Emily Lockhart (born December 15, 1994), known professionally as Emma Lockhart, is an American journalist and former child actor, best known for her roles as a young Rachel Dawes in Batman Begins, and Laura in Ace Ventura Jr.: Pet Detective.

She has since transitioned to broadcast journalism as an adult, and currently works in Phoenix, Arizona as a reporter for the "Arizona's Family" duopoly of KTVK/KPHO-TV (channels 3/5) owned by Meredith Corporation.

Acting career
She had numerous small roles in television, movies, and the stage.

Lockhart also appeared in The Seeker, as Gwen Stanton.

She was the young Rachel Dawes in Batman Begins (2005).

She was the female lead in Ace Ventura Jr: Pet Detective, which was released in March 2009, direct to video.

Reporting career
Lockhart then attended Arizona State University, majoring in communications as a student at the school's Walter Cronkite School of Journalism and Mass Communication, which produces newscasts for sister operation KAET (channel 8), where she reported, and also anchored the Monday evening edition of the school's Cronkite News broadcast.

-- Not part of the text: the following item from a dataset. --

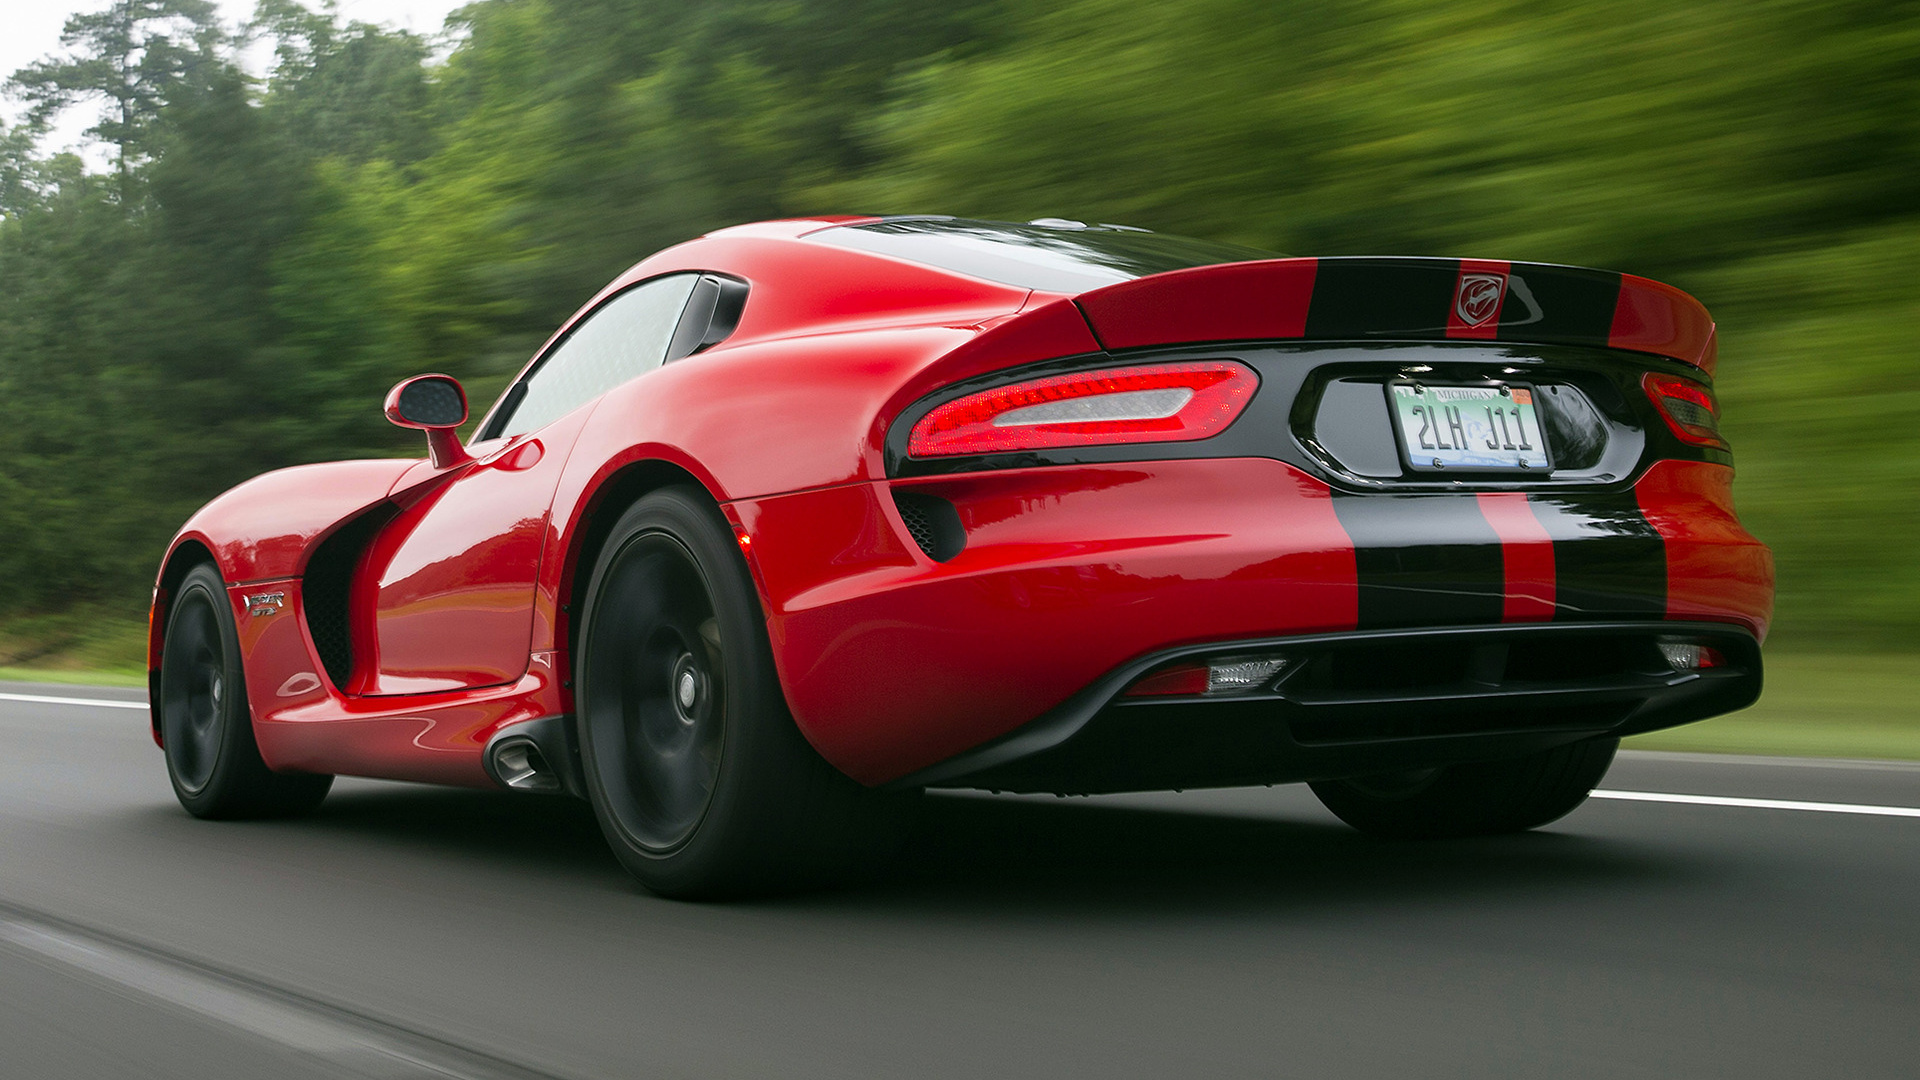 2015 Dodge Viper GTS - Wallpapers and HD Images   Car Pixel

After graduation, she then worked for two years as a multimedia journalist and weather presenter for KERO-TV (channel 23) in Bakersfield, California, before she took her current position as a reporter with KTVK/KPHO.

Filmography

References

External links

1994 births
21st-century American actresses
American child actresses
American film actresses
American television actresses
American television reporters and correspondents
Living people
American women television journalists
Place of birth missing (living people)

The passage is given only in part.